William Cummens of Roxbury, Massachusetts. An inlaid mahogany case of the finest proportions and veneers featuring an automated rocking ship dial. Captain George Coggeshall's clock. 219027

Family history records that this clock was originally owned by Captain George Coggeshall who eventually became the owner of the ship named the Magnet. Lucy Coggeshall married George Coggeshall. George died in Havana on June 12, 1812 at the at of 25 years old. She remarried Col. Samuel Wardwell on November 23, 1817. Wardwell was a charter member of the Bristol Train of Artillery formed in June of 1794. He and William De Wolf, Samuel V. Peck and John Bradford. The first election of Officers was held April 7, 1796 when Samuel Wardwell was chosen Captain with the rank in the militia of Lieutenant Colonel. Lucy died on March 14, 1844 she was 86 years old is buried in the Old East Burial Ground in Bristol, RI. The clock remained in the Coggeshall family until 1927 when it was given to Frederick Nelson Palmer.

This is an outstanding case. It features line inlays, cross-banding and highly figured mahogany veneers. This tall case exhibits excellent proportions, superb wood selections and a painted rocking ship dial that is signed by the Roxbury, Massachusetts Clockmaker, William Cummens.

This is a very handsome example. The case exhibits first rate choices of mahogany and mahogany veneers. All of which were selected for their strong grain pattern and formatted in a manner to command your attention. We should also point out that it is decorated with line inlays and multiple quarter fans. The current shellac based finish is modern and it accentuates the deep rich color. This example stands on four nicely formed applied ogee bracket feet. These are applied to a double stepped molding that is attached to the base. The base panel wonderfully figured. It is also decorated with a delicate line inlay that forms a box or conforms to the square shape of the base. In each corner is a quarter fan. This is a complex design having four individual blades that alternate in light and dark color. The wide ends are capped in ovals that also alternate in color. This fan design is also used in the decorative formatting of the long rectangular shape waist door. This door is also trimmed with and applied molding. The veneer selected for this location has a grain pattern that is best described as a tiger pattern. This is a fantastic selection of veneer. Through this door one can gain access to the original tin can drive weights and the brass faced pendulum bob. The bob is supported by a metal rod. Brass stopped fluted quarter columns flank the waist. These terminate in brass quarter capitals. The bonnet columns are also stopped fluted with brass and are fitted into brass capitals. These visually support the molded arch. Above this is a pierced and open fretwork design. It is a traditional New England style pattern incorporating three brass finials that are mounted on fluted chimney plinths. The arched bonnet door is also nicely figured and line inlaid. It is fitted with glass. It opens to access the painted iron dial.

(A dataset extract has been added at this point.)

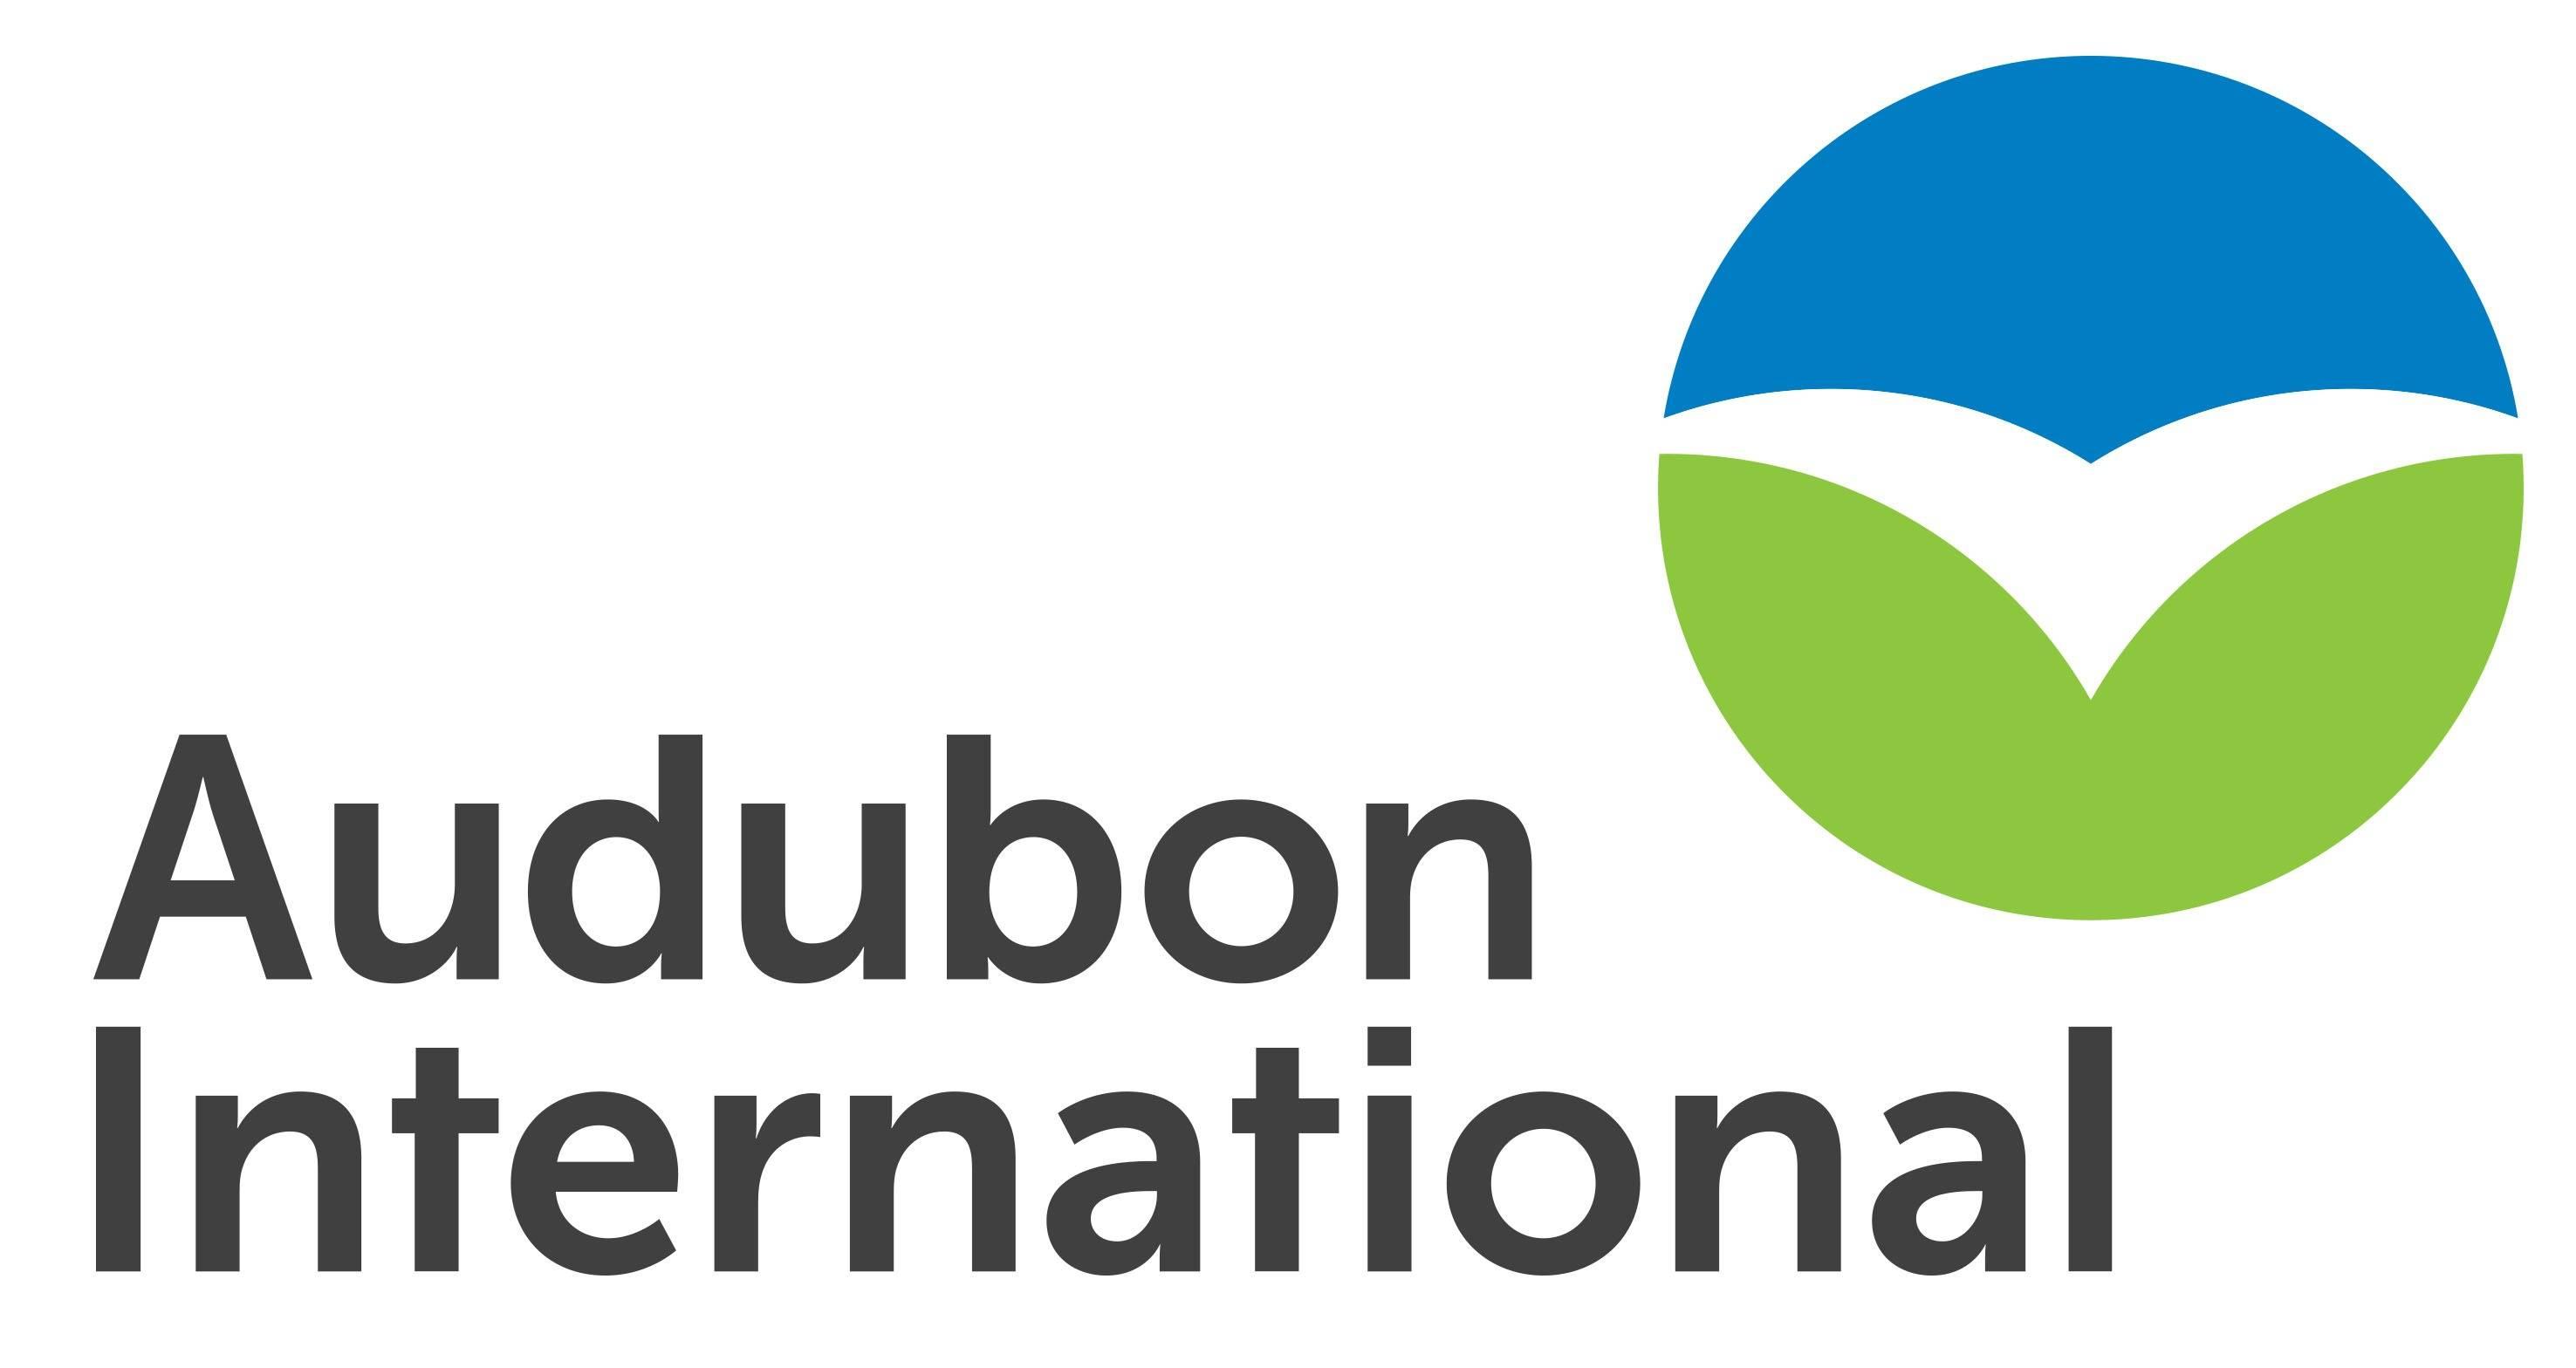 Logo of Audubon International

This 12 inch painted iron features a rocking ship display in lunette. This automated display is a very desirable feature and is somewhat difficult to find in the marketplace. The arch or backdrop is slightly concave. This provides the space for the automated ship to move in front of the painted scene. The scene depicts a fortification on the left. A war ship under sail is entering the inlet. The ship moves in a side to side motion. This is driven by the pendulum. This automated display is a very desirable feature and was most likely a special order. Gilt designs, some of which are elevated on applied gesso decorations are positioned in each of the four spandrel areas. Inside these are colorful florals. The time ring is formatted with Roman style numeral hour markers. Arabic numerals are used to mark each of the five minute positions. The hands are hand filed with a high level of skill. A subsidiary seconds dial can be viewed inside the time ring in its traditional location. This dial is signed by the Maker, “WARRANTED by / Wm. CUMMENS .”

This fine movement is constructed in brass and is good quality.  Four turned pillars support the two brass plates. Hardened steel shafts support the polished steel pinions and brass gearing. The winding drums are grooved. The escapement is designed as a recoil format. The movement is weight driven and designed to run eight days on a full wind. It is a two train or a time and strike design having a rack and snail striking system.  As a result, it will strike each hour on the hour.  This is done on a cast iron bell which is mounted above the movement. 

This clock was made circa 1795 an stands approximately 8 feet tall or 96 inches tall, 21 inches wide and 10 inches deep.


About William Cummens of Roxbury, Massachusetts.

William Cummens was born 1768 and died on April 20, 1834 at the age of 66. He worked in Roxbury as a clockmaker as early as 1789 through 1834. He was trained by Simon Willard and along with Elnathan Taber, Cummens stayed in Roxbury and made many clocks for his own clients while maintaining a close working relationship with the Willard family. In this Roxbury location, Cummens had direct access to the same suppliers, such case makers and dial painters that the Willards used. As a result, his clocks are very similar in form. He was one of the first persons authorized by Simon Willard to manufacture the new patent timepiece. Over the past 45 plus years in business, we have owned and sold many tall case clocks, Massachusetts shelf clocks and wall timepieces signed by this important clockmaker. Very few tall case examples are found with his original set up label.